__Data provided__.
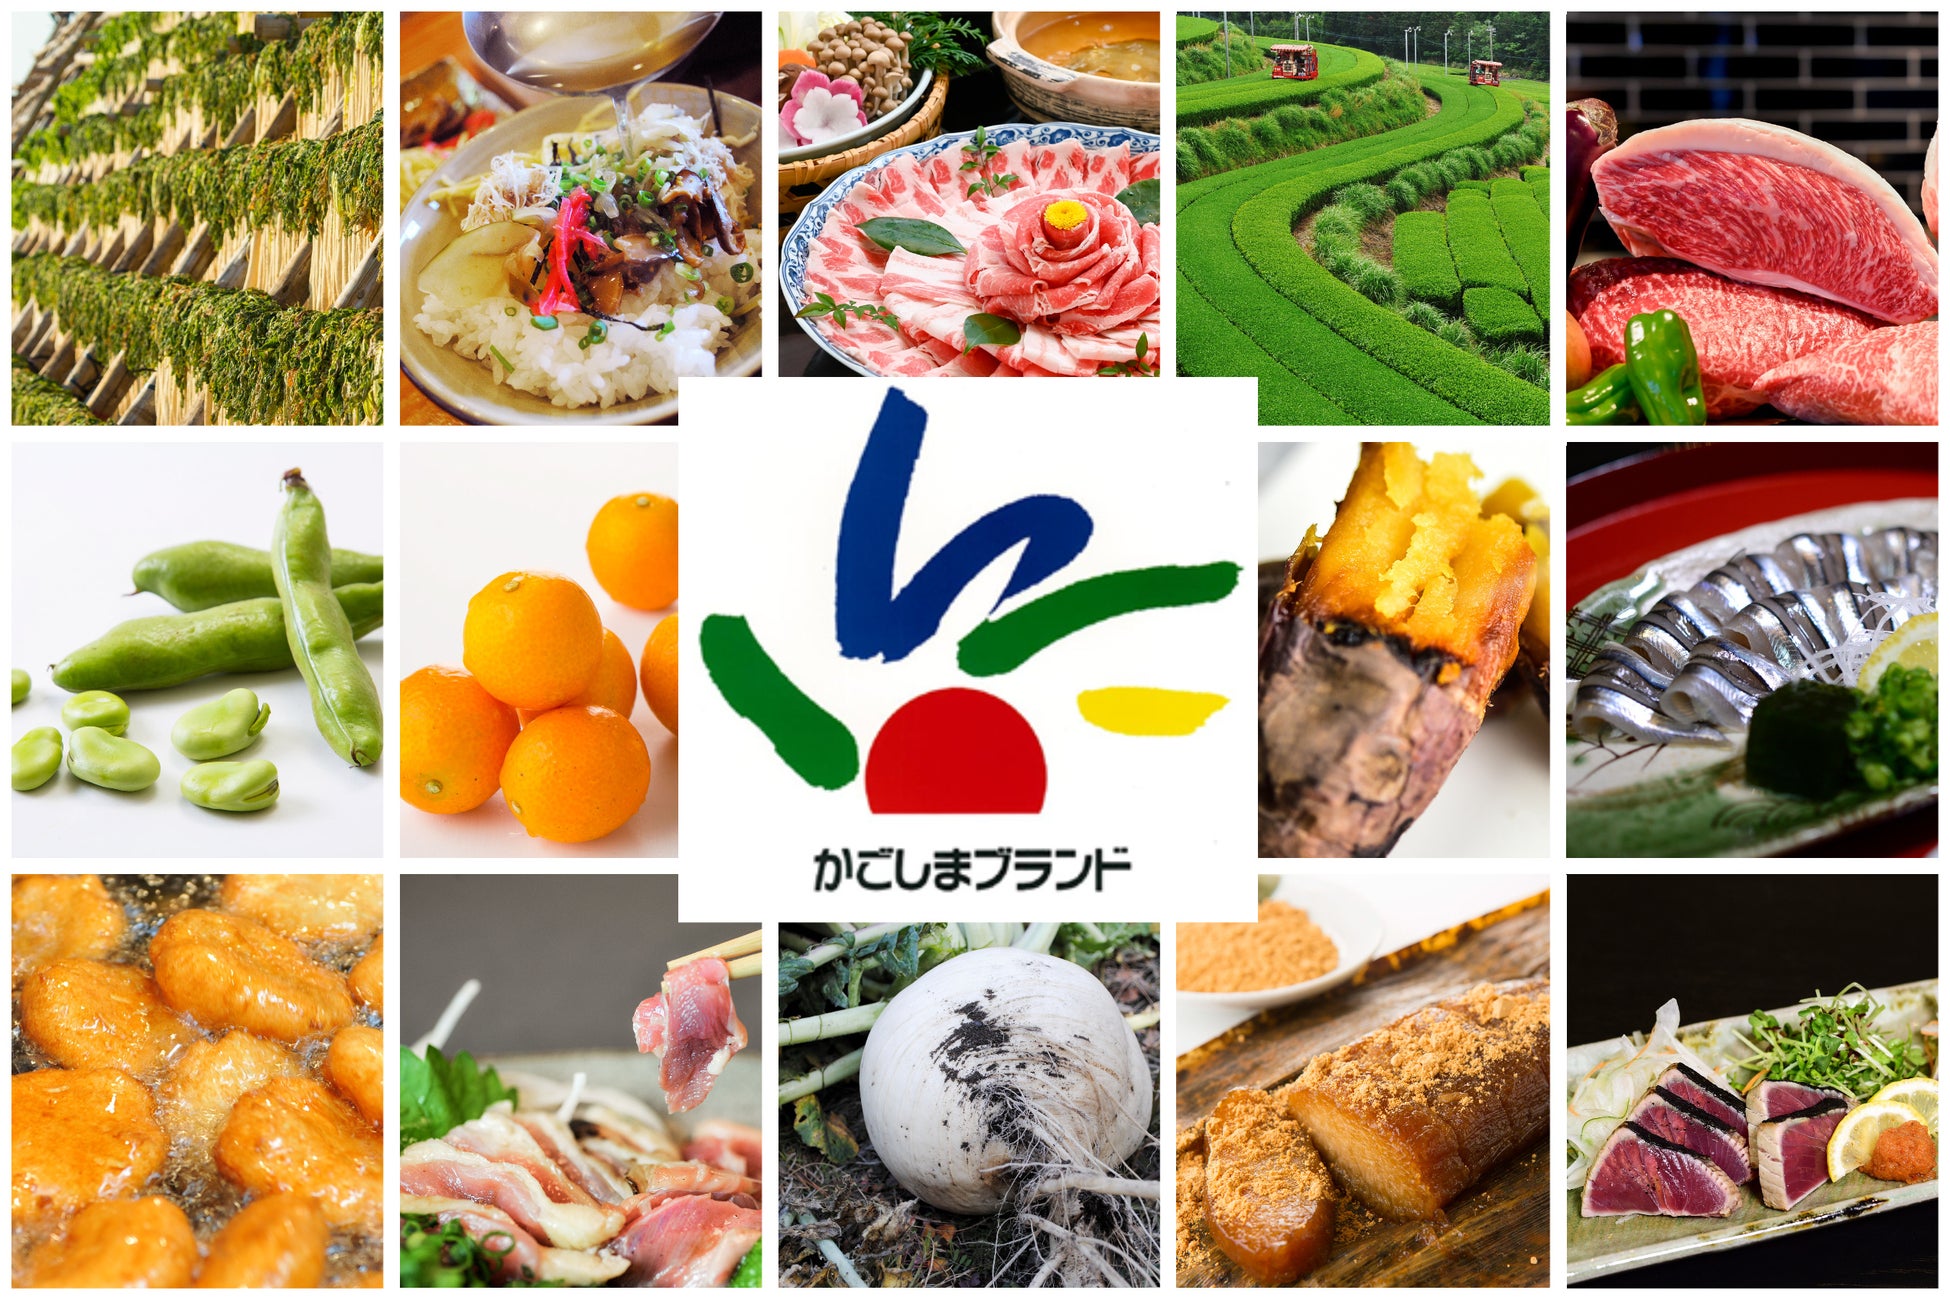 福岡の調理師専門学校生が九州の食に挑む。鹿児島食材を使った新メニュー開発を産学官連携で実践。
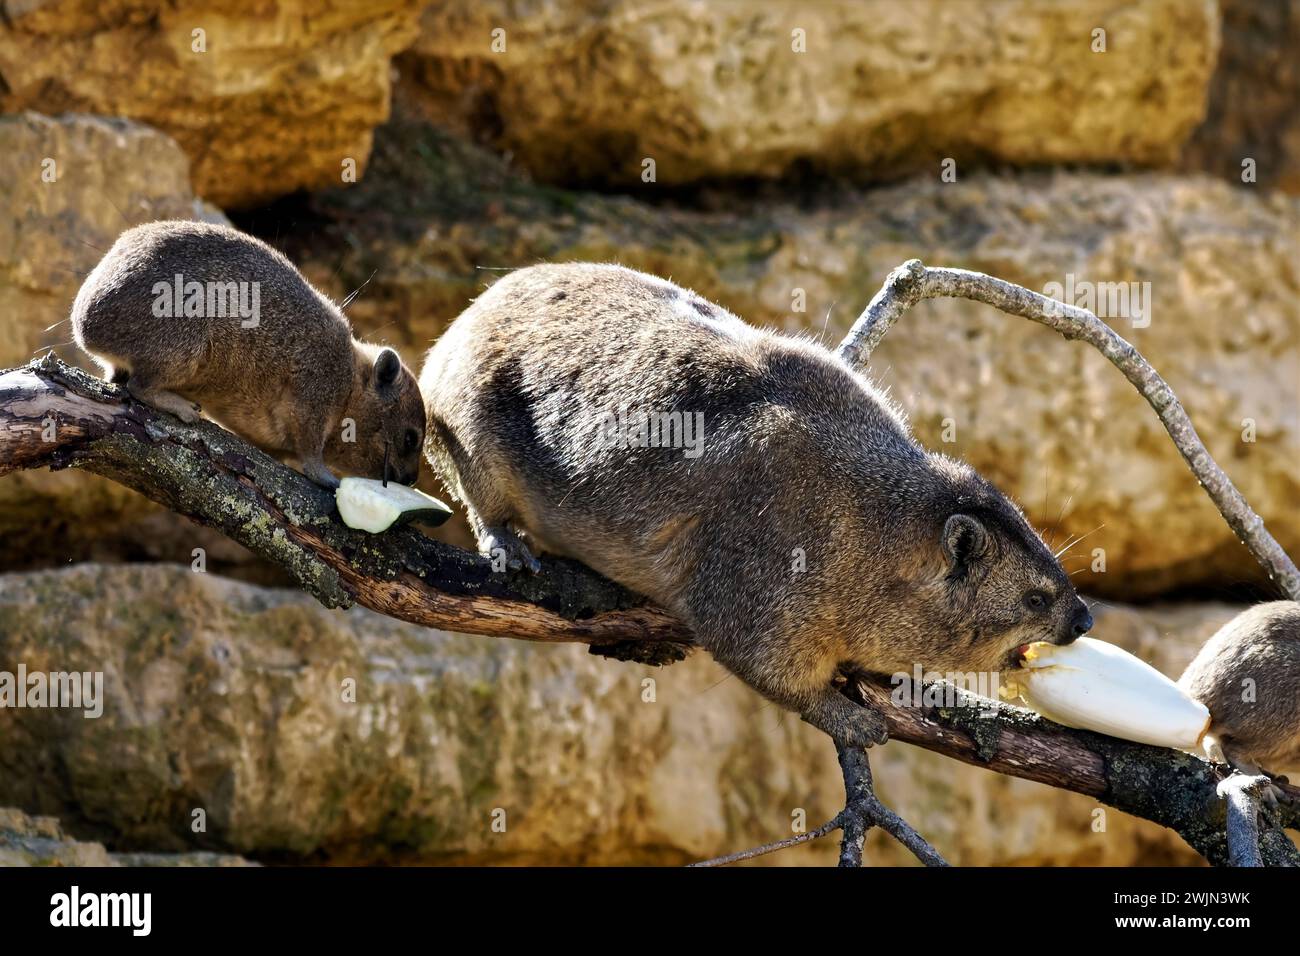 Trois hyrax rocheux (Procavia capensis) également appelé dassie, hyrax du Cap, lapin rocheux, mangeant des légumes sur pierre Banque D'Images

---

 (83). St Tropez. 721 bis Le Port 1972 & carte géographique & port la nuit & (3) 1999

__The problem__. Within the material above, only the stretch from the line holding "福岡の調理師専門学校生が九州" through the line holding "Trois hyrax rocheux" is to be restated exactly. Pictures are dropped.

__Output below__.
 福岡の調理師専門学校生が九州の食に挑む。鹿児島食材を使った新メニュー開発を産学官連携で実践。
 Trois hyrax rocheux (Procavia capensis) également appelé dassie, hyrax du Cap, lapin rocheux, mangeant des légumes sur pierre Banque D'Images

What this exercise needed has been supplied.